So I'm making excellent progress on the stuff I threw out there for all y'all to see so I could embarrass myself into staying on task. I even swam once last week. (I didn't swim today as planned because I was making too much progress on the files to want to stop, but Jef and I will head to the pool tomorrow.)

So there you have it. And by next week, my goal is to have enough brainpower left at the end of the day (and far fewer undone tasks looming over me) that I might actually be able to write something interesting for you to read instead of just telling you about all the items I've been able to remove from my To-Do list.

Again, thank you!

Saturday, January 8, 2011

Patty accomplished a few more things today

Thanks for staying on me and cheering my progress! The box of books we were planning to donate finally went to the Huntington Woods library today, and I'm hoping to get to the pool tomorrow.

I've also made good headway on another of my to-do lists—a collection of 15+ Post-it® notes stuck on the cabinet above the computer. (Since this "list" includes helpful tasks like FILE STUFF and EXCAVATE DESK, I haven't bothered to post it here, although I will if you want me to.)

Tonight, I balanced four months' worth of statements for Jef's business checking account (not one of my favorite activities, as Jef sometimes forgets to record things and often doesn't get around to actually doing the math in his check register), and I balanced two months' worth of statements for our savings account. I'll do a little more banking stuff tomorrow. Now, though, I think I'll get some sleep...

Friday, January 7, 2011

Here Jef goes again

Singer-songwriter Gerry Rafferty died Tuesday after accomplishing what we can all hope for: a life interesting enough for an obituary with a trivia item. When he was with the band Stealers Wheel, Rafferty co-wrote and sang a song called "Stuck in the Middle with You." I knew the song well - I'm the right age to have both rolled my eyes after hearing it too many times as a pre-teen and again to have retched a little as an adult while it played in the background of perhaps the most gratuitously violent scene in movie history†. I even knew - eventually - that it wasn't Bob Dylan who wrote it or was singing it. What I didn't know until the remembrance on NPR (now I've thoroughly revealed my demographic) was why I and the rest of the world thought it sounded a lot like Dylan. It was Rafferty's idea of a joke. Apparently he'd been taking some flak about his voice and style, and he figured goofing was preferable to fighting, so he wrote a song that didn't acknowledge the similarity so much as roll in it. He was as surprised by the hit as a lot of us were by the facts.

People misunderstand songs all the time.
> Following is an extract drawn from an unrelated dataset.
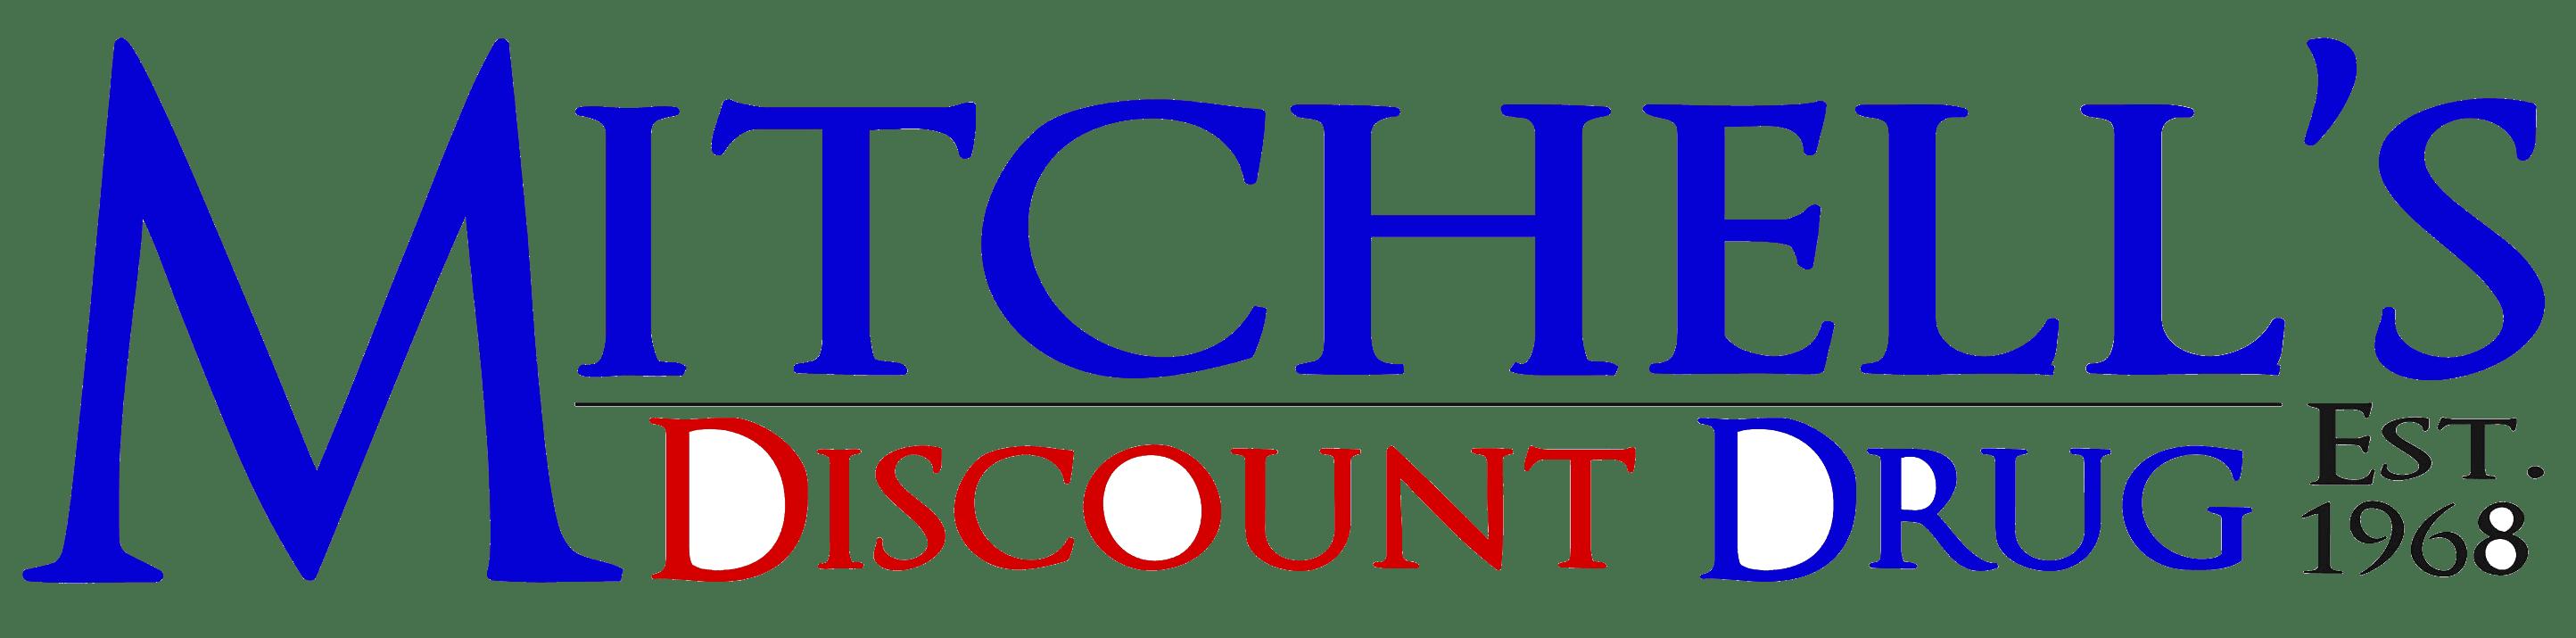 Mitchell's Discount Drug

I was pushing middle age before I realized the lyrics to "Winter Wonderland" didn't go, "In the meadow we can build a snowman and pretend that he is parched and brown." And I suspect there are still Republican Party members out there who believe Springsteen's "Born in the USA" is the uplifting, patriotic anthem they thought it was when they attached it to Bob Dole's presidential campaign.

So let it be known that I'm fully aware I'm missing the mark while, these days, I've been humming Todd Snider's "Long Year." The song's narrator stumbles into a 12-step meeting and takes a seat at the back. When it's his turn to speak, all he can come up with is, "It's been a long, long year; How did I get here?" While I think the world of Todd's music and Todd himself (he was kind enough to spend a little time with me and I enjoyed it immensely) and can very much relate to most of his music, I've never been much of a drinker or addicted to any chemical or even activity that society deems problematic beyond the colorful Lycra and tendency to talk too long about training and racing.

But if you pick, choose and parse a song the way (say) Dole's camp did, you can find the right words and tone to meet your needs and ignore the rest for a while. And oh, that chorus. It has been a long year, and sometimes I still find myself wondering how it happened and marveling that I hung on. But it's the song's final lines that ring truest. Going by the admittedly arbitrary calendar, my long year is over and the new one is already 1.9 percent in the bag and - just for starters - I'm only now resuming my blog duties and no farther ahead on other work than I was this time a year ago. "Long Year" ends with the narrator heading from the AA meeting straight to the bar to tell his old friends about his awkward day. One of them mentions that all he needs is another drink, which he accepts, tosses down and sings,

"… I thought to myself, 'Well, here we go again' …"

It sounds profoundly sad in the song. When I sing it to myself, it's with a certain amount of apprehension, to be sure. But not sadness. There might even be some eagerness. There's another line coming up in the popular media that seems highly appropriate here, and I doubt that I'm misinterpreting it because it's in a comic striphttp://comics.com/frazz/ and I'm the one who wrote it. The line goes, "I don't think he's ever confused comfort with happiness."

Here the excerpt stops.